Like a good beverage, a good book holds promise from the first sip. This extract is used with the permission of NB Publishers.
About the author

Patric Tariq Mellet (photo: NB Publishers)
Patric Tariq Mellet was born and raised in the Salt River, Woodstock and District Six districts of Cape Town. He is a former liberation movement cadre, who returned from exile in 1990. His MSc dissertation from Buckinghamshire New University is titled: Heritage tourism - Cape slavery and indigenous people. In 2009 his work on the intangible heritage of the Cape received a Western Cape Provincial Honours award. In 2019 the Minister of Sport, Arts and Culture appointed him to the Governance Council of the South African Heritage Resources Agency.
About the book
First Sip – Extract:
Slavery sparks Europe’s development
Without slavery there would have been no bridge between a backward Europe emerging from the Dark Ages, with its competing feudal orders, and the globalisation of social and economic control under a new elite order rooted in corporatism. South Africans tend to think of the
Netherlands as having been an old, advanced and mighty European power when it ventured to the Cape, but that was just not the case. The Dutch Republic, or Dutch States General, had been founded only in 1579, after longstanding suzerainty over the Low Countries by the Spanish Empire. Europe’s development from a backward dark age had everything to do with its conquest of land, resources and technologies from Africa, West Asia, India, Southeast Asia, China and Japan.
The Netherlands, or Dutch States, was created only 70 years before Jan van Riebeeck came to the Cape in 1652. Its rise, from occupation by other powers, from division, ruin and war, to become a superpower, was the result of the ascendance of global corporatism via imperial conquest and colonisation. The Dutch were at the cutting edge of the new way of doing business in which human dignity and humanity were low on the agenda of elites, particularly if the people concerned had darker skin tones.
The Dutch and British East India and West India companies were the world’s first multinational corporations, which spearheaded the aims and objectives of the emergent globalised capitalist system. At the time, capitalism was in its infancy, a process of primitive accumulation of capital required to use feudal slave labour before it could evolve to free market wage labour. In these young years of capitalism, from the 16thto the early 19th centuries, there was no surplus value to pay even a semblance of a wage and therefore there was nothing to kick-start capitalism – without enslaving people and brutally compelling them to work.

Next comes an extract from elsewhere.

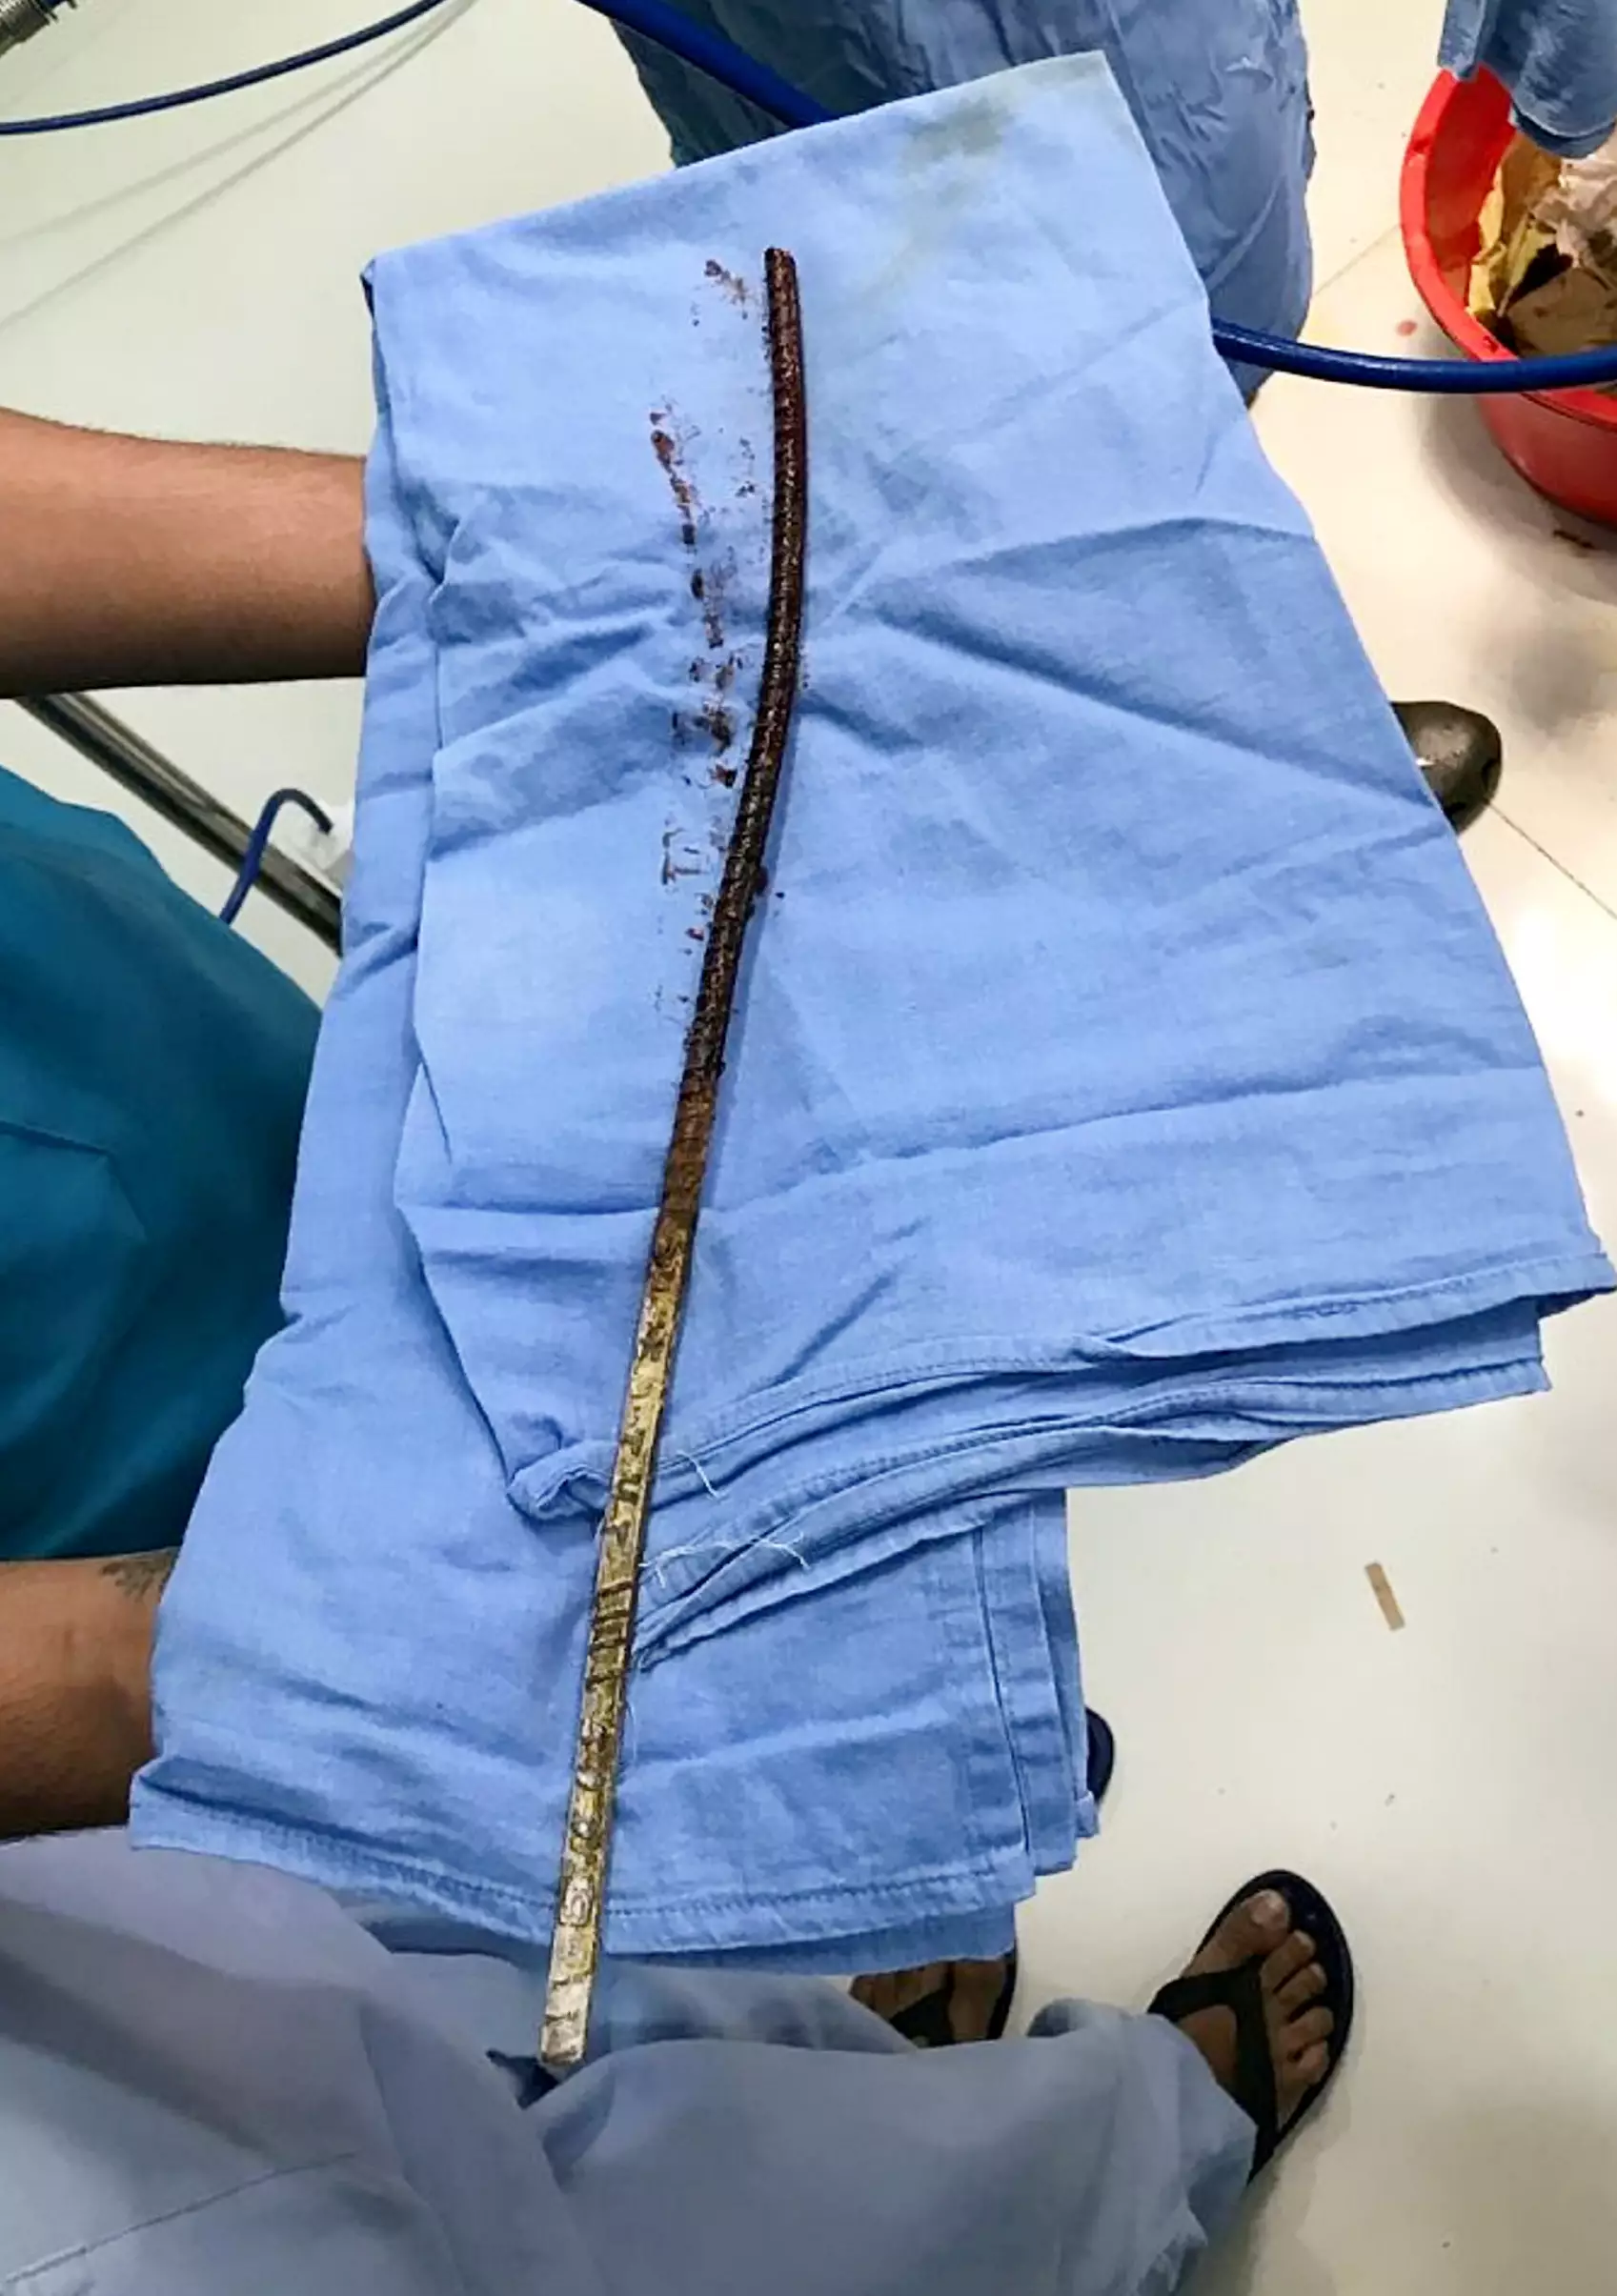 The rod after it was removed from the patient's head.
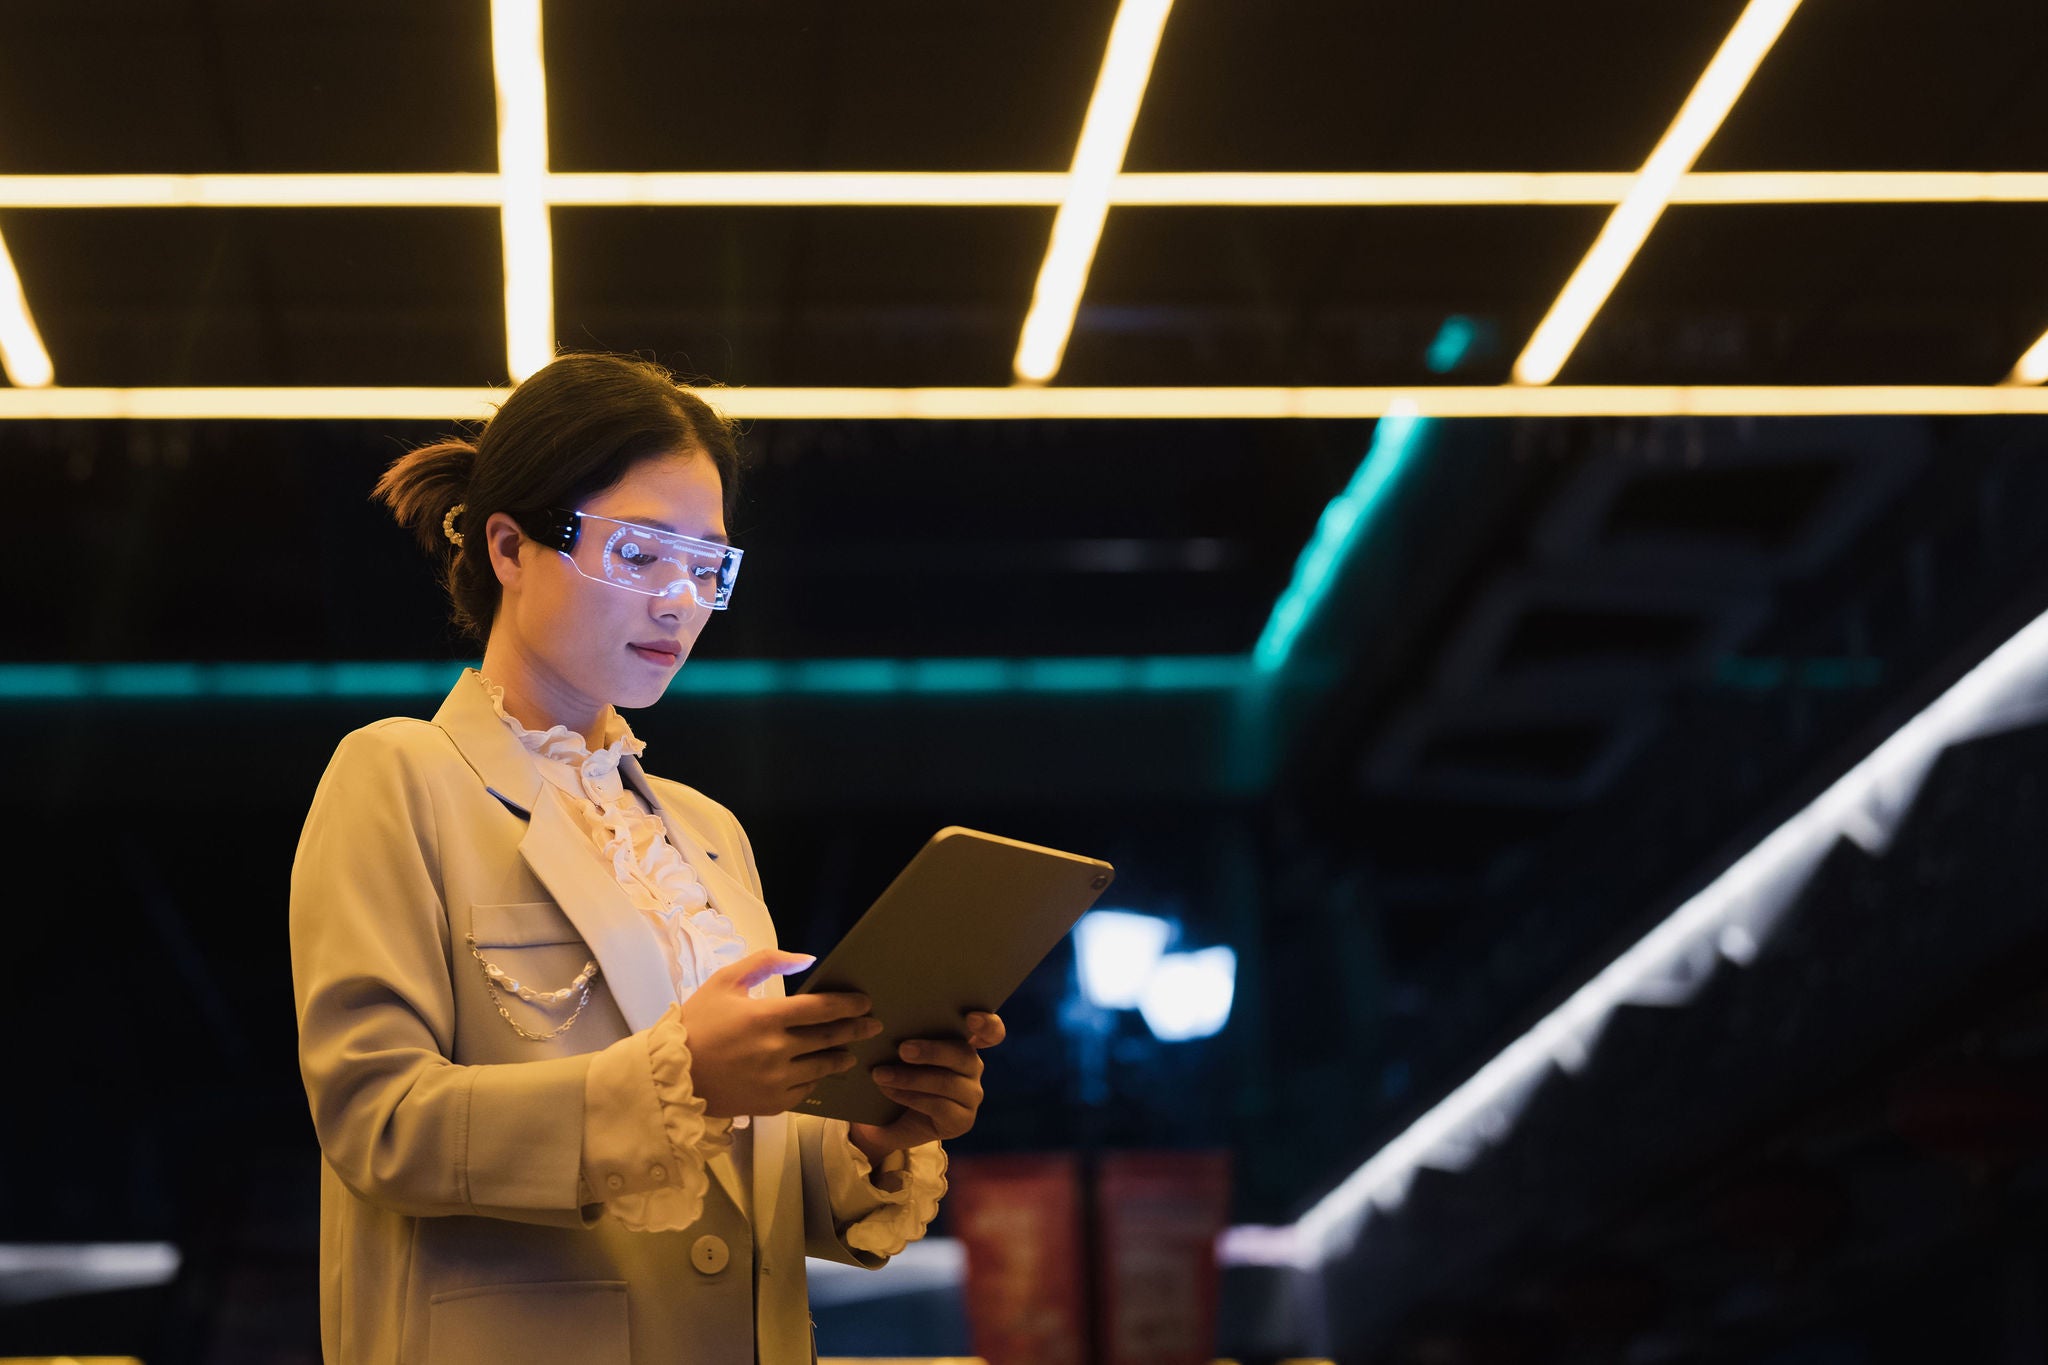 A young Asian business woman wearing glowing smart glasses uses a tablet in a city street at night. Concepts such as augmented reality, artificial intelligence, smart cities, metaverse, post-humanism are expressed.

Only with the accumulation of capital through colonialism and slavery, followed by new methods of production in the industrial and agrarian sectors, were the concepts of contrived free wage labour and a free market able to grow. Understanding that imperialism and colonialism are the cornerstones of the trade and use of enslaved labour is not incidental to slavery studies but core to understanding what slavery was all about.
The Cape as part of the global project
The insular and inward-looking slavery research in South Africa has long failed to understand the role of the VOC project at the Cape as part of a bigger, global economic project. South African academia is preoccupied with the pennies of the Cape project rather than the pounds of the bigger picture. Academics look at the micro economy of the Cape as an end in itself, whereas the Cape project was just one part of a complex global imperial logistics operation and economy in a company that had many divisions, from dedicated military and security infrastructure, transportation, technology development and revenue-producing micro economies in its settlements, factories and plantations to research and development, as parts of its large portfolio. The Cape project was a service station for shipping. Sea craft and the fortunes of craft and crew were the VOC’s largest capital investment concern. It had to move on rapidly from flimsy, vulnerable ships experiencing great attrition rates to more reliable ships. Shipping was
its most vulnerable investment, requiring ever new technologies to be developed to ensure speed, capacity, safety and the prolonged and secure shelf life of the products it transported. Halfway harbouring and taking on fresh provisions at the Cape was a vital part of this.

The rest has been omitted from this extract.